====== RECORDED INFORMATION

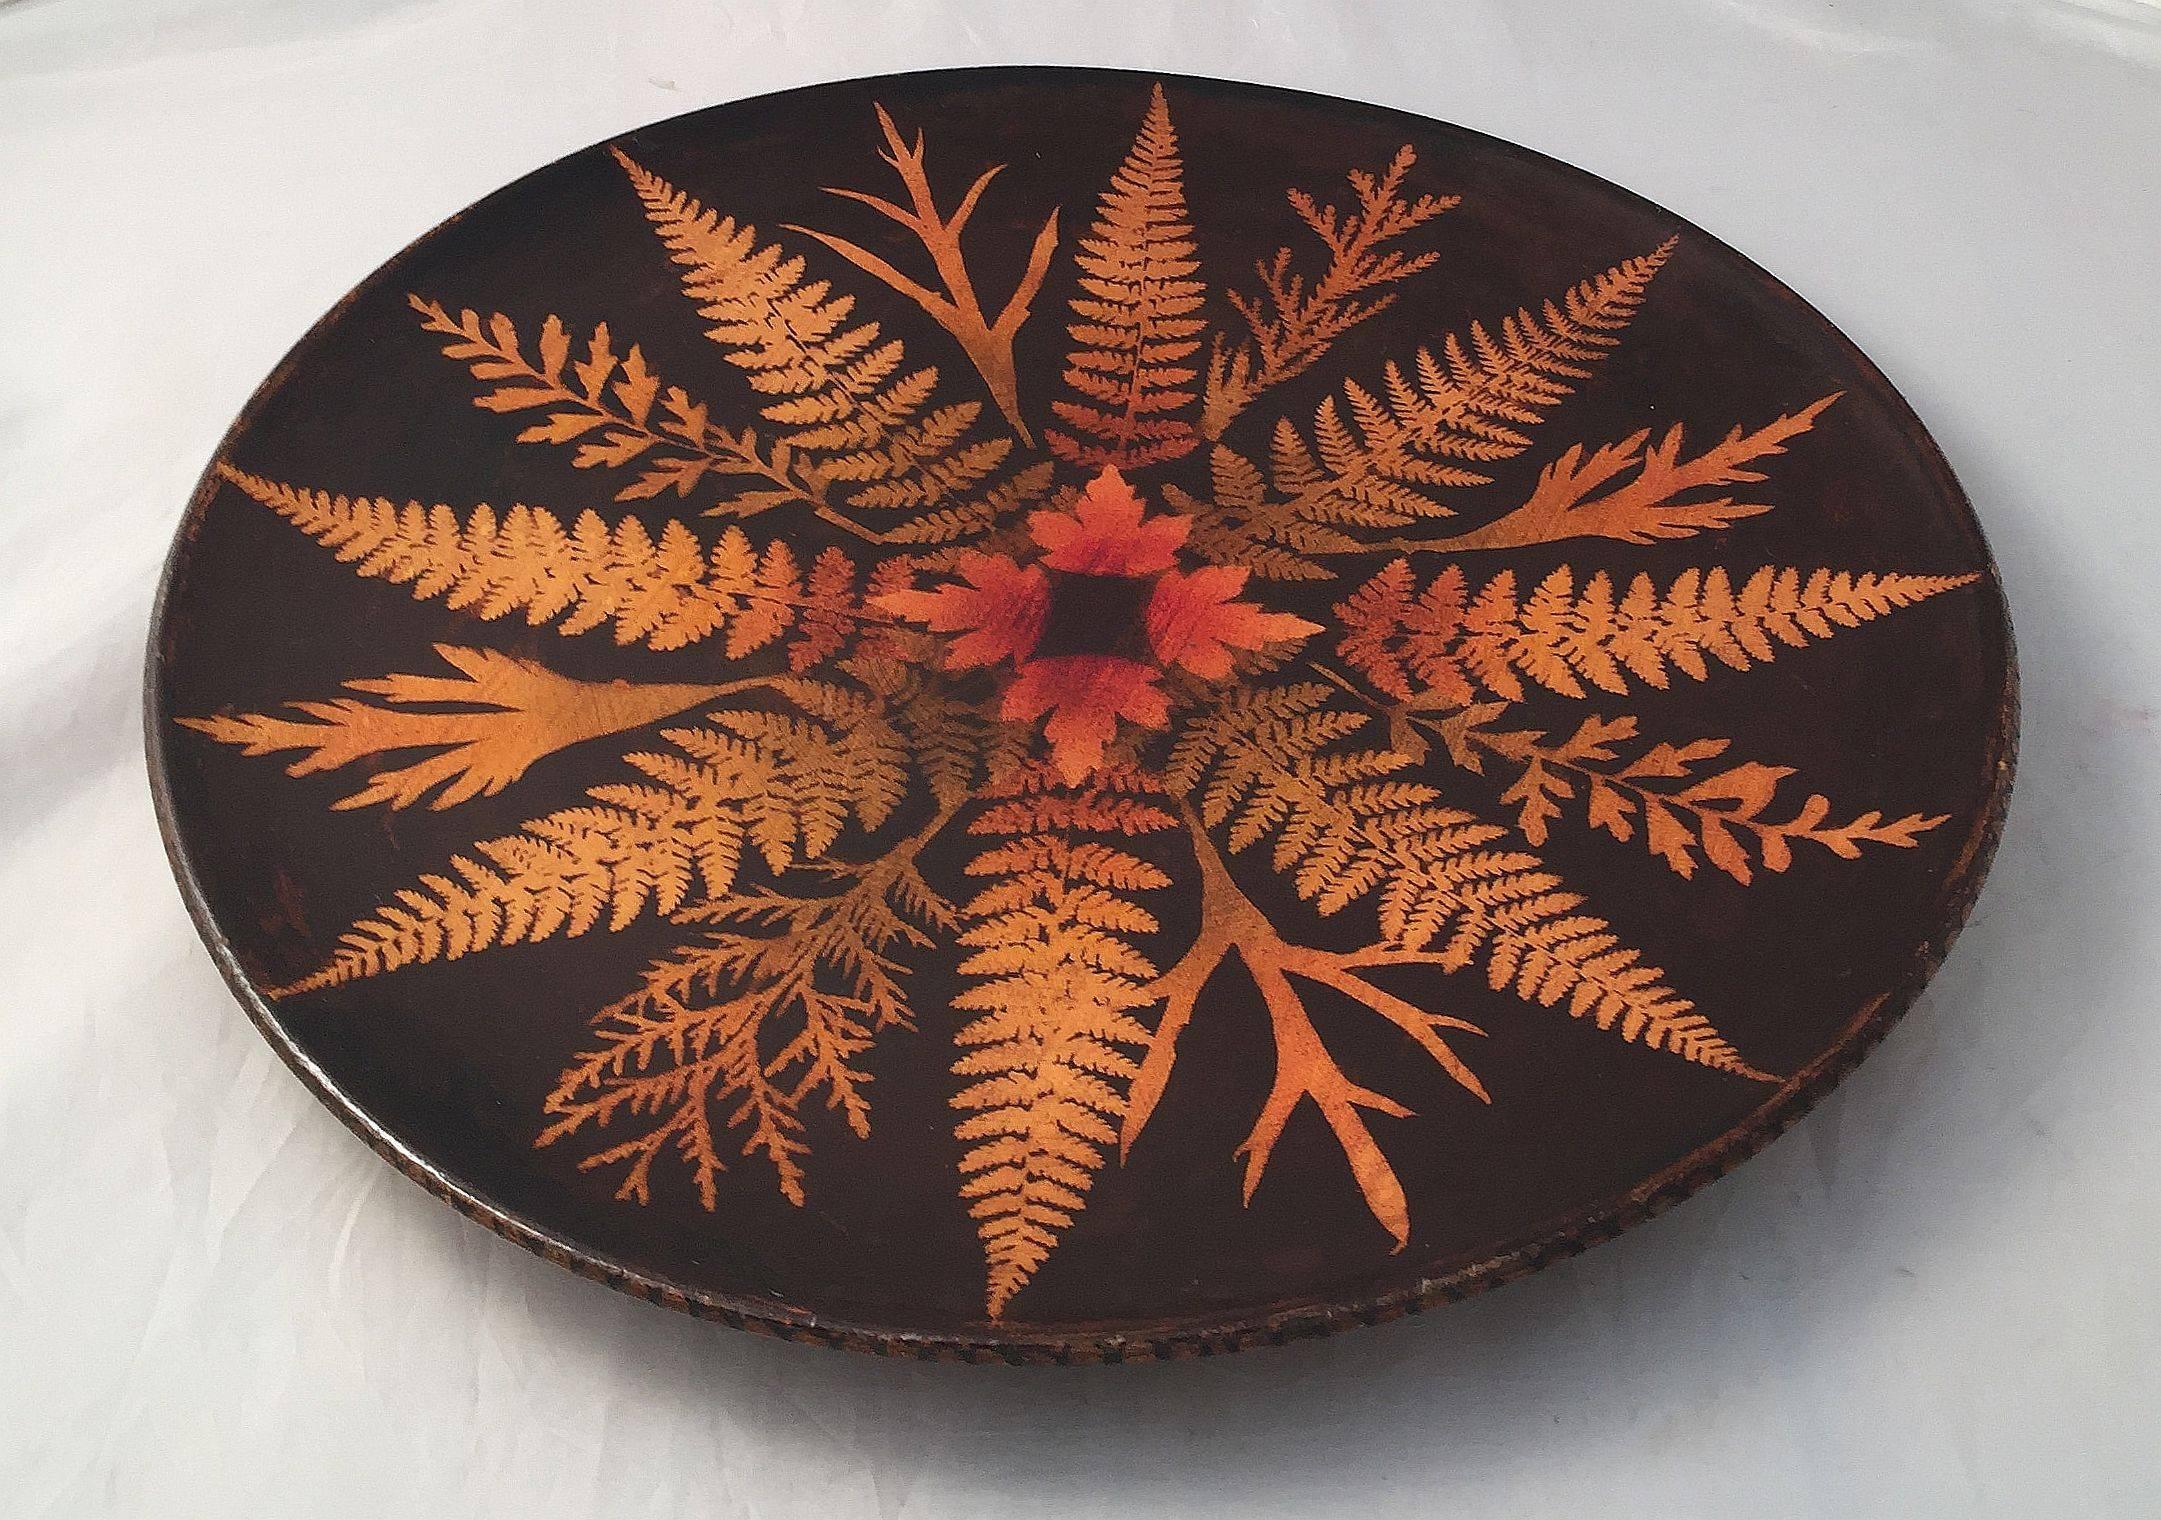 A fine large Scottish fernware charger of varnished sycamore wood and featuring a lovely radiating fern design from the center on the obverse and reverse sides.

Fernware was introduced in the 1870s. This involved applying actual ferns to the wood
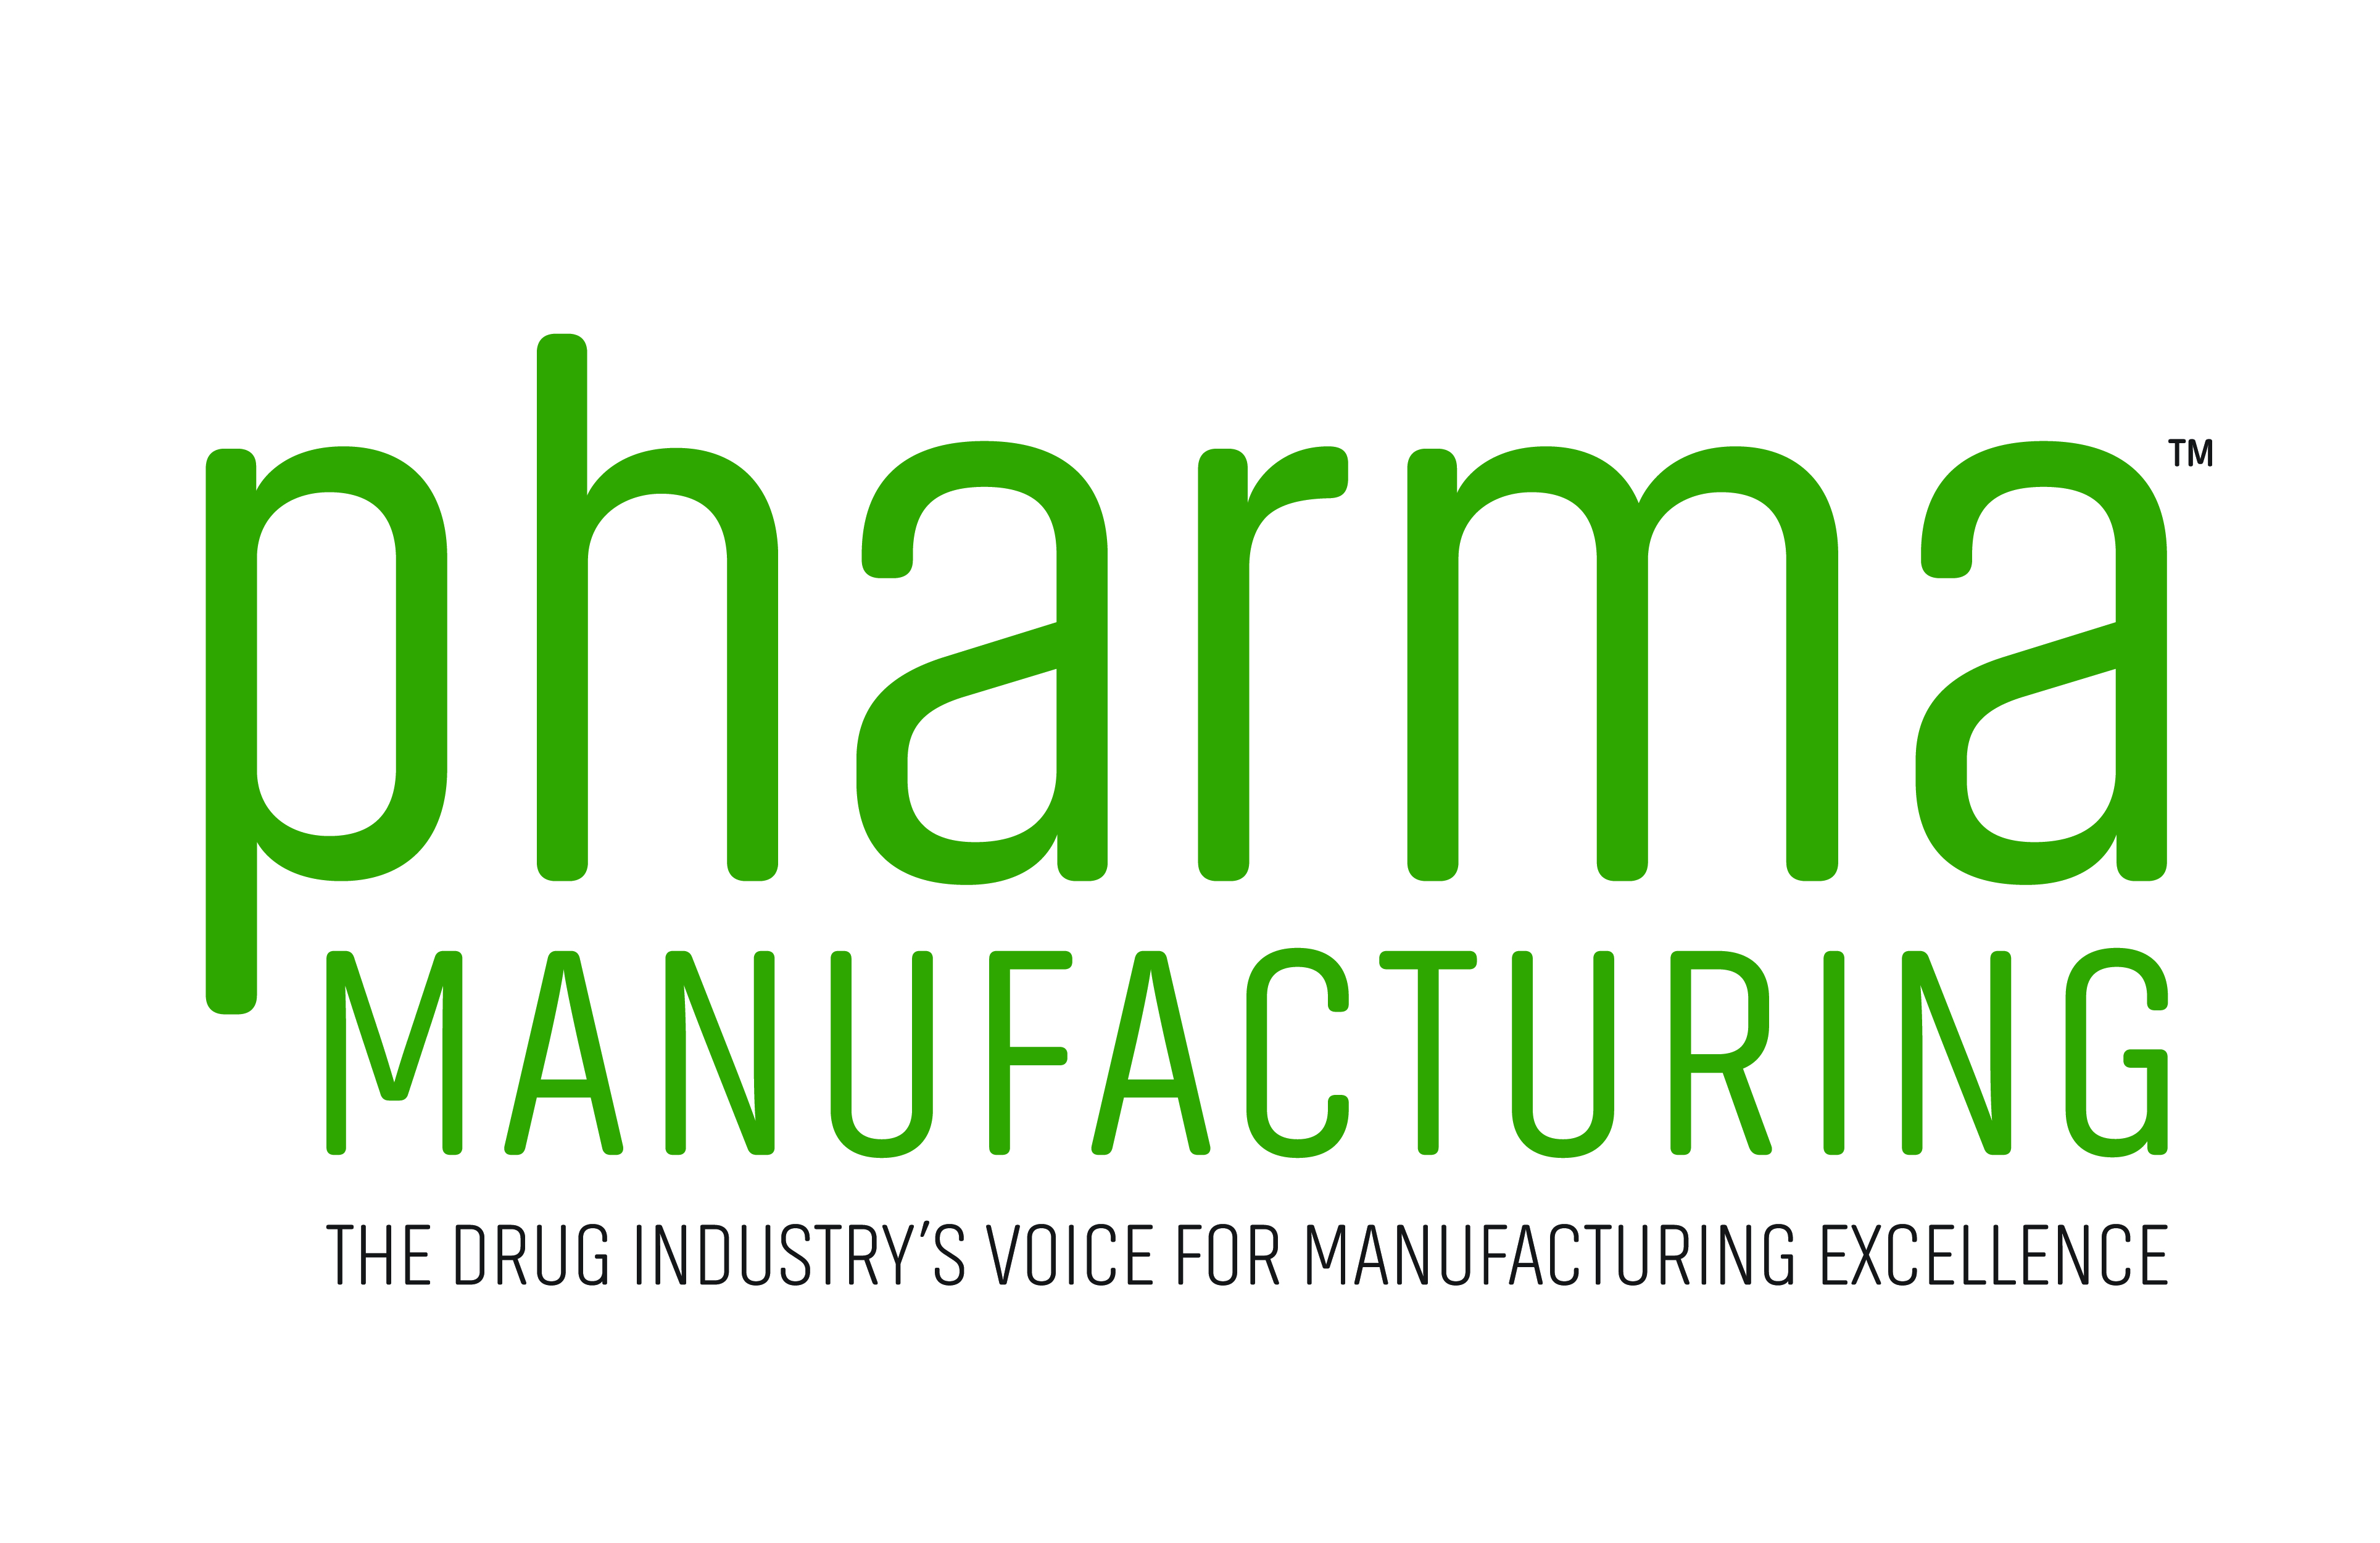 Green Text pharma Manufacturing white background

============

Each line from the first line of the listing through the line with "Fernware was introduced" must be printed exactly, both ends included, and no picture may appear.

• _REPLY TO THE TASK_
 A fine large Scottish fernware charger of varnished sycamore wood and featuring a lovely radiating fern design from the center on the obverse and reverse sides.

Fernware was introduced in the 1870s. This involved applying actual ferns to the wood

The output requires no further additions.